Stanley Kunitz writes, ‘I am not done with my changes’.  It reminds me of something I read by Geoff Dyer – in his book ‘Out of Sheer Rage’ that he had a sense of not ‘having lived in all my houses yet’.  Also, thinking about the stories I tell myself about my life in Cornwall and elsewhere, I’m reminded of his statement about ‘Yoga for People Who Can’t Be Bothered to Do It’, ‘Everything in this book really happened, but some of the things that happened only happened in my head.’  My time on Bodmin Moor was a bit like that.



  1. Carol Ross June 6, 2013 at 4:20 pm

    Lovely post Victoria. I will have to look up the poem The Layers. I don’t think I’ve read any Stanley Kunitz yet. Warm wishes (literally today!) Carol.

    • 6vicky7 June 12, 2013 at 5:44 pm

      thanks Carol – you are in for a treat – I recommend his book about being over 100 years old and still gardening …

  2. Lila Weisberger June 6, 2013 at 8:27 pm

    Dear Victoria,
    I hear your feast, your losses, longings and the power of your life force. I find the same sentiment in Kunitz’ poem “The Layers” which has lines that teach me the best way to survive. I want to “live in the layers not on the litter.” I was thinking today that as I slow down the clock is chasing me. It is quite a task to accept the new layer I am in.

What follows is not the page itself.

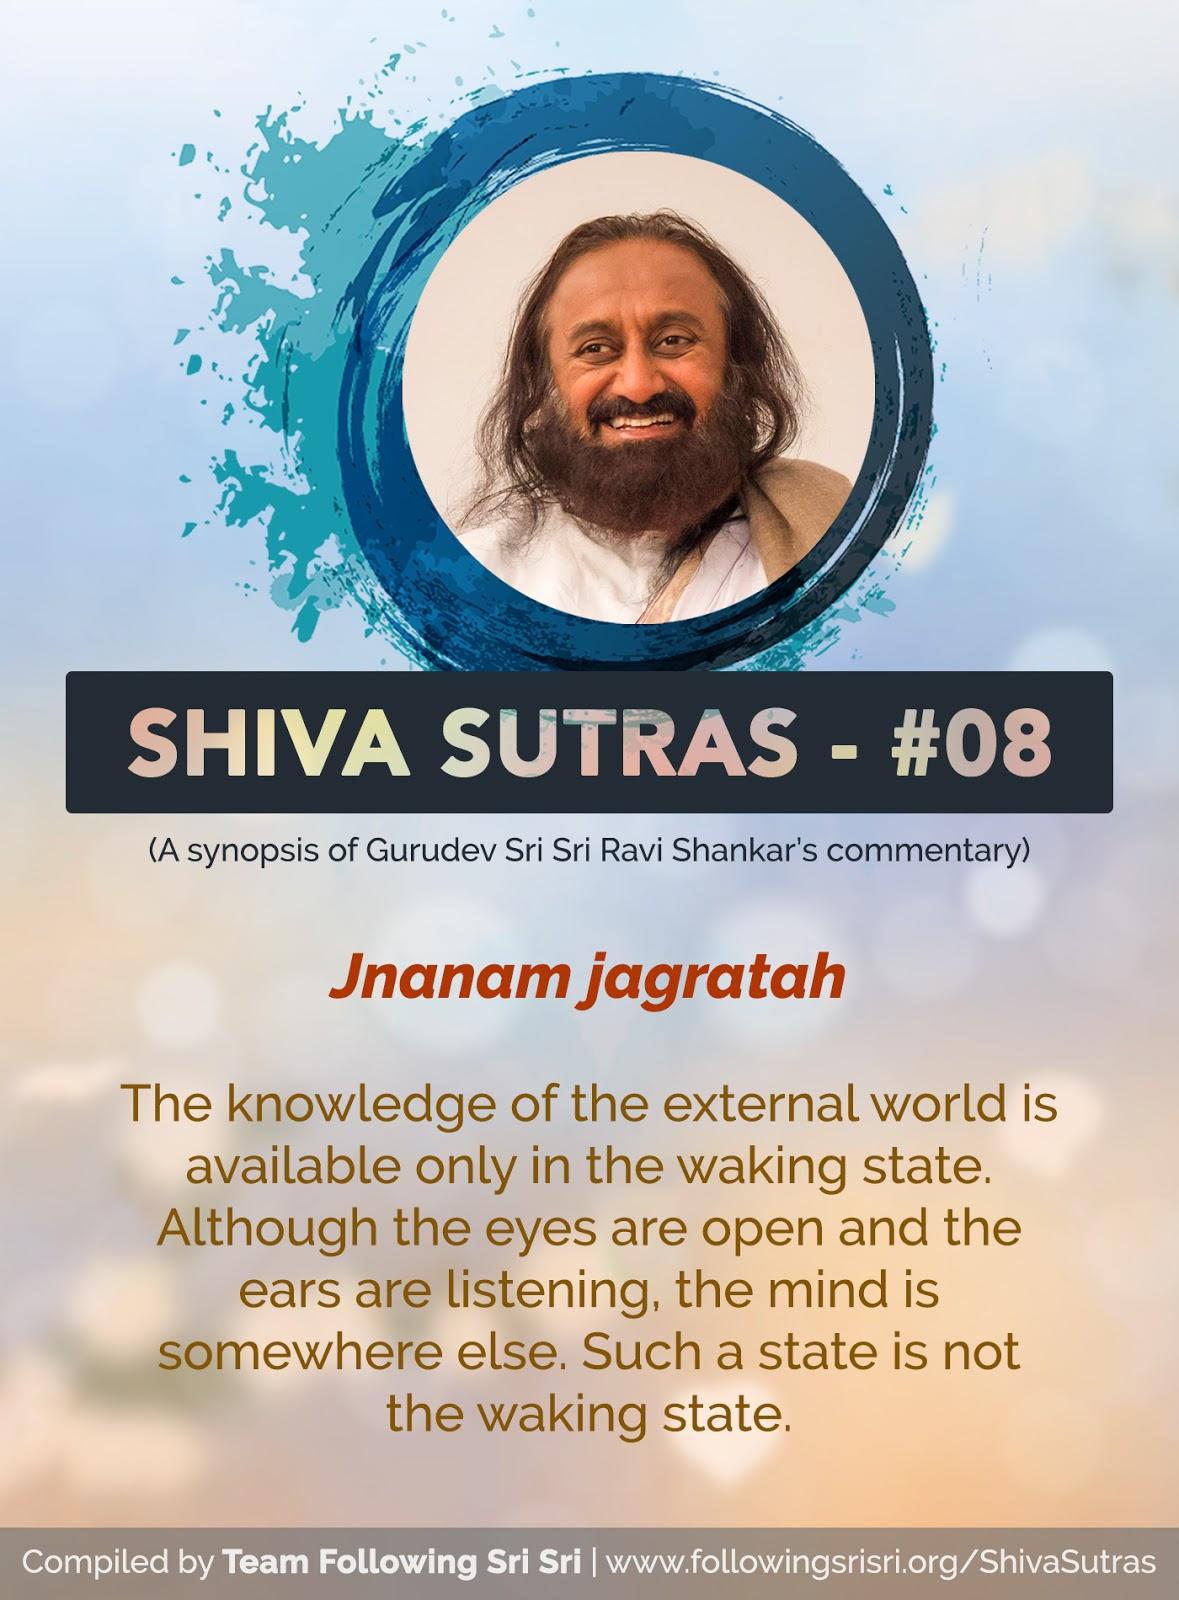 Shiva Sutras - Sutra 8

    Thanks for your provocative, touching words.

    • 6vicky7 June 12, 2013 at 5:46 pm

      Thank you Lila – you are certainly someone who lives fully in the layers – I think that’s a place where the clock can’t chase you! with love xx

  3. oe12 June 6, 2013 at 9:29 pm

    Hi Vicky- enjoyed reading the post and the poem. Both very lovely.

  4. Roz Cawley June 7, 2013 at 8:37 am

    I love your blog posts, Victoria – each one of them has real ‘grist for my mill’ in it, each one sends me away from the keyboard thinking, turning things over in my mind. The Kunitz poem really spoke to me, I did not know it but will read it and savour it over and over. His words
    ‘Oh, I have made myself a tribe
    out of my true affections,
    and my tribe is scattered!’
    describe my Internet friendships so well!
    Thank you for sharing these thoughts with us.
    Roz x

    • 6vicky7 June 12, 2013 at 5:49 pm

      That’s a great observation about the internet tribe! So glad to have your feedback, thank you x

  5. Karen Harvey June 9, 2013 at 9:40 am

    I remember us looking at The Layers in one of your workshops at Ty Newydd. Whenever I reread it or hear it discussed, new layers of meaning emege especiallly as time passes. I am now a few years older, have had a few more years life experience I relate to more lines of the poem. Thank you for your lovely words and reminding me of this poem. I shall look it up again.

    • 6vicky7 June 12, 2013 at 5:48 pm

      Hi Karen – I think this is one of those poems that’s infinitely rich – every time I read it, I see something new. Happy memories of TN xx

  6. Janey Thompson June 11, 2013 at 7:59 pm

    Love the Kunitz, which is on my kitchen cupboard; I sent this link to my son, who really liked your words – he too is going through liminal times and finding expression in some good writing

    • 6vicky7 June 12, 2013 at 5:47 pm

      Thank you Janey – good to hear your son is expressing himself in writing.